Derivating $h(u,v)=0$ respect to $x$ and $y$ we have:
\begin{equation}
\frac{\partial{h}}{\partial{u}}\frac{\partial{u}}{\partial{x}} + \frac{\partial{h}}{\partial{v}}\frac{\partial{v}}{\partial{x}}=0
\end{equation}
and
\begin{equation}
\frac{\partial{h}}{\partial{u}}\frac{\partial{u}}{\partial{y}} + \frac{\partial{h}}{\partial{v}}\frac{\partial{v}}{\partial{y}}=0
\end{equation}
If we denote $A$ to the system above, then its straightforward to see that
\begin{equation}
det(A)= \frac{\partial{(u,v)}}{\partial{(x,y)}}
\end{equation}
So , it would be sufficient to prove that $det(A)=0$ $\forall (x,y) \in R$. This will guarantee that the Jacobian is exactly $0$ too.
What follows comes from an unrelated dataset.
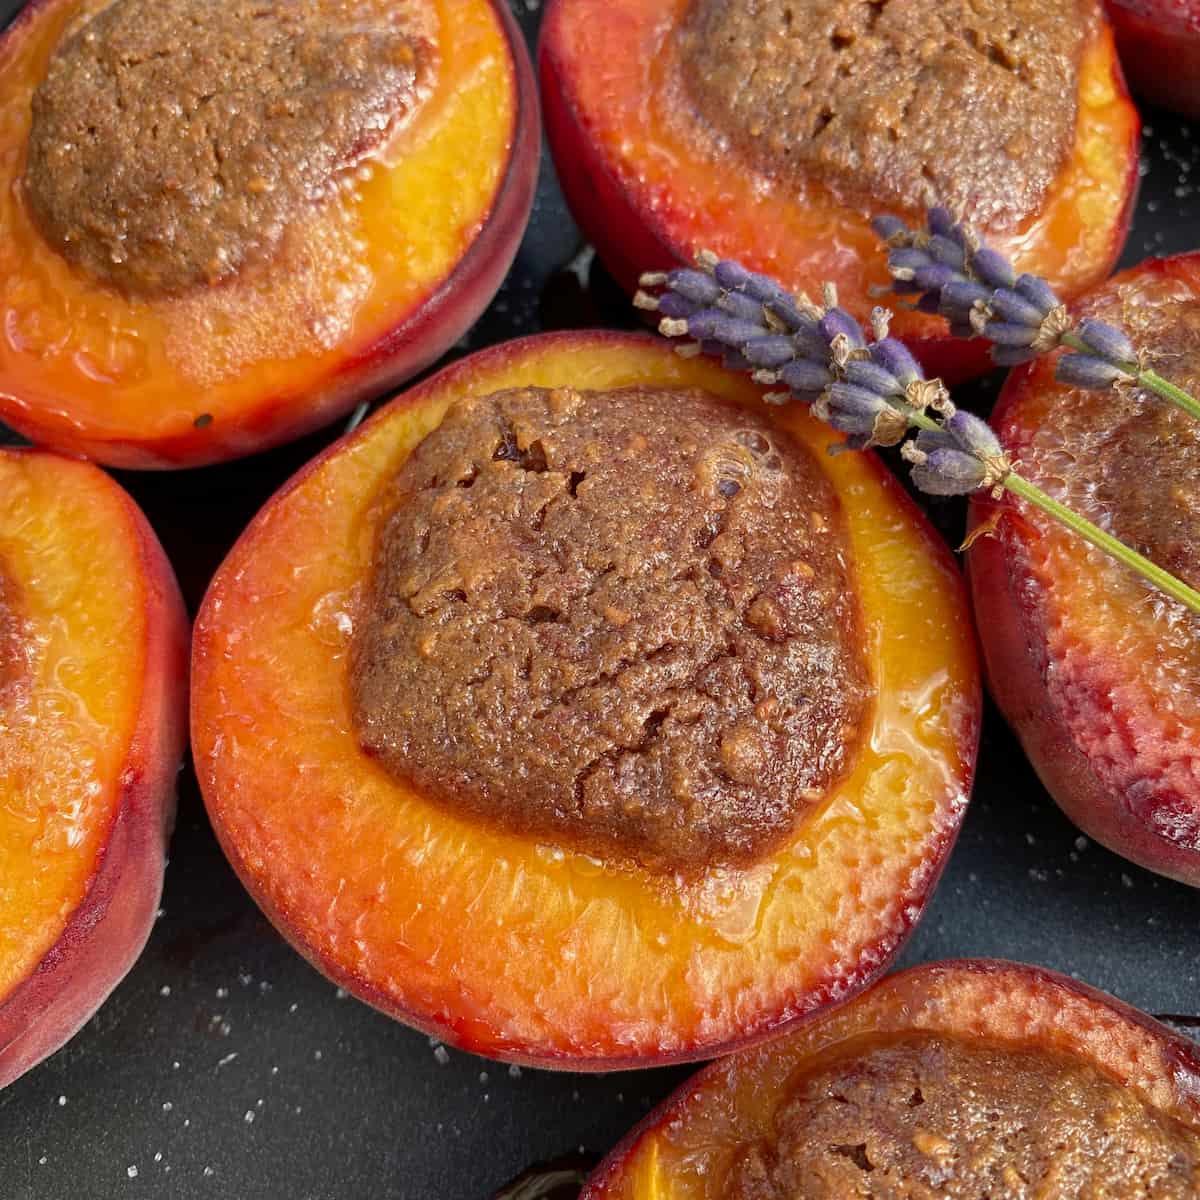 peach halves baked in the oven and stuffed with Italian amaretti

Note that:
- If A has only the trivial solution, then (in $R$):
$$\frac{\partial{h}}{\partial{u}}=\frac{\partial{h}}{\partial{v}} = 0$$
This is not possible because, according to the hypothesis, $h$ is a non constant function. So at least one of these derivatives is not $0$.
$\therefore$ $A$ has a non trivial solution
$\therefore$ $det(A)=0$
\begin{equation}
\therefore
J=\frac{\partial{(u,v)}}{\partial{(x,y)}}=0
\end{equation}
$\forall (x,y) \in R$